Tissue samples and isolation of nucleic acids
From each brain, tissue samples from the regions of hypothalamus, amygdala and pons were morphologically identified with the support of a pathologist at the Swedish National Veterinary Institute, dissected and subsequently homogenized in TRIzol® reagent (Invitrogen). The samples were then processed as previously described [10,11]. Briefly, frozen tissue of approximately 0.2 g of each region was homogenized in TRIzol® and RNA was extracted according to the manufacturers' instructions (Invitrogen™, Life Technologies). The concentration of extracted RNA was measured using a NanoDrop® ND-1000 instrument (NanoDrop Technologies, USA) and mRNA was isolated with PolyATtract® mRNA Isolation Systems (Promega).
Microarray hybridization
RNA pools from hypothalamus, amygdala and pons were prepared using six individuals from each group: narcoleptic (N) and heterozygous (H) siblings. The samples were nearly balanced with respect to sex ratio and the age of the animals. Each pool consisted of equal amounts of total RNA from each animal. From each RNA pool mRNA was isolated with PolyATtract® mRNA Isolation Systems (Promega) and used in a reverse transcription reaction with either the Micromax TSA Labeling and detection kit (hypothalamus pool) or the Genisphere® Labeling and Detection Kit, 3DNA Array 900 Cy3/Cy5. For each brain region the cDNA pools from the two groups were pair-wise hybridized to slides printed with 29 760 human cDNA clones with an average length of ~400 bp (Microarray resource centre, Royal Technical Institute, Sweden).

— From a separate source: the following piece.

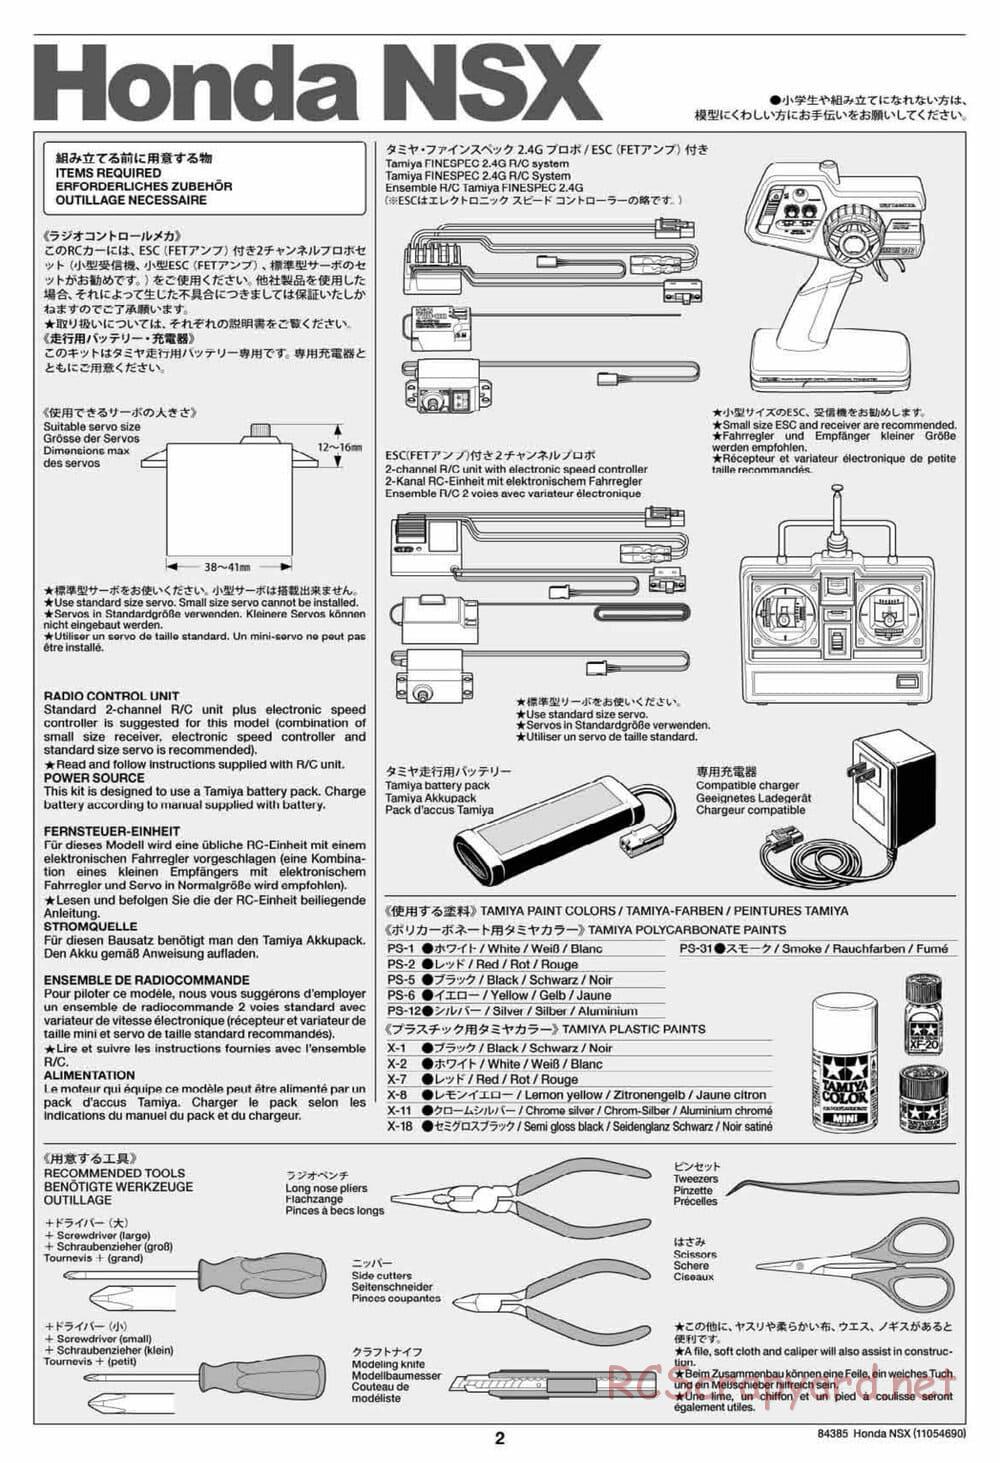 Tamiya - Honda NSX - Group-C Chassis - Manual - Page 2

Each hybridization was repeated with the dye assignment reversed (dye-swap replication). Hypothalamus pools were hybridized on four arrays, whereas sample pools from amygdala and pons were hybridized on two arrays respectively. Hybridizations were performed according to the manufacturers' protocols (Micromax TSA and Genisphere® Inc. USA) with modified temperature (50°C) to allow for better cross hybridization between dog and human sequences.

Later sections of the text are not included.